I have a process which succeeds with known probability $p$, and fails with probability $q = 1-p$. The process is repeated a finite, but unknown, number of times $n$.
Given a number of successes $r$ (the number of failures $n-r$, is unknown), how should we determine a confidence interval around the number of trials that led to the $r$ successes?

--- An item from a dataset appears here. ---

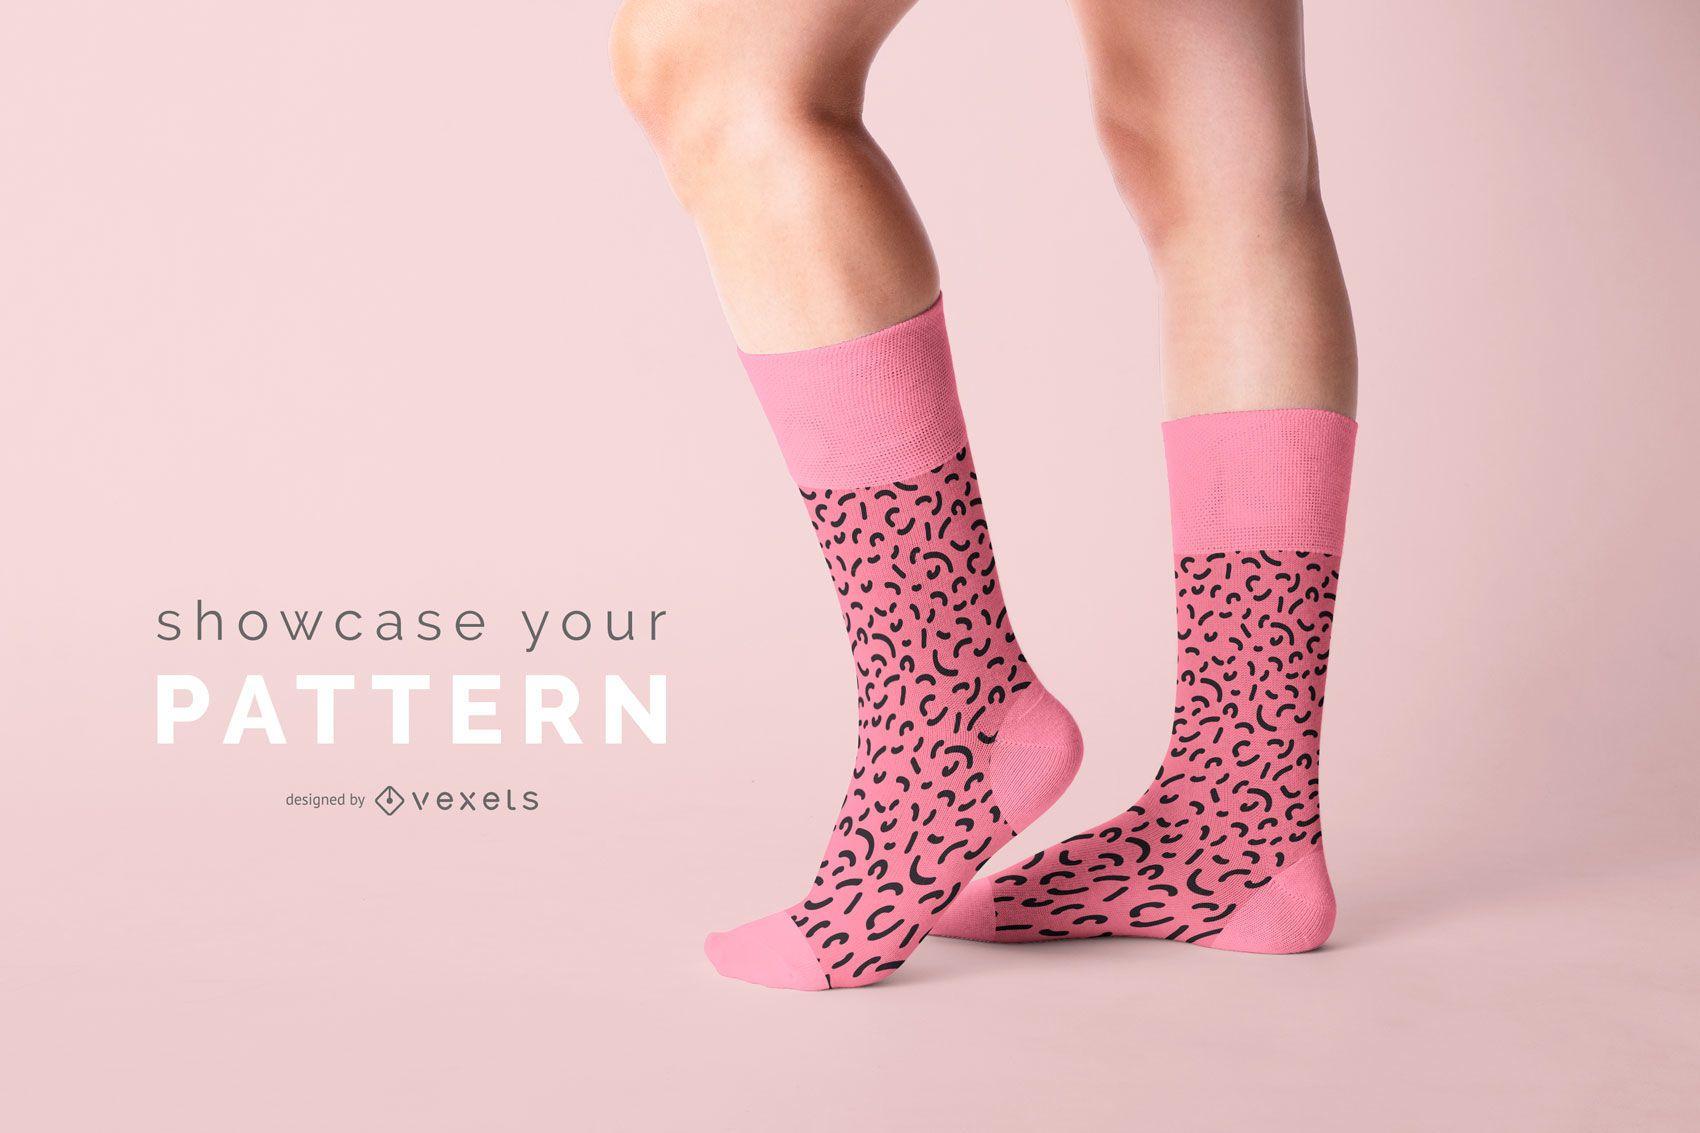 Pattern Socks Merch Mockup

To give a simple example, a fair coin was flipped a total of $n$ times, and landed 150 times with heads uppermost. How is $n$ distributed, and what is a 95% CI around its mean, covering the most likely values for $n$. The most likely $n$ is 300, the smallest $n$ is 150, and the maximum $n$ is infinity, but how do we think about everything in between?
Note: The interval doesn't have to be centered on the mean, if the distribution is not symmetric.
I've been looking at the wilson score, and other binomial proportion confidence intervals, and they are relevant, but they estimate $p$ instead, not $n$. I'm wondering if there exist similar approaches for exactly what I'm looking for.
Lacking a closed formula for an estimator, I was otherwise just going to try to find the ends of my confidence interval $(n_{low}, n_{high})$ by fitting the two gaussians with means $n_{low}p$ and $n_{high}p$ for which $\hat{n}p$ (where $\hat{n} = r/p$ is my estimated $n$) falls on their 2.5%-area tail boundary, using tables.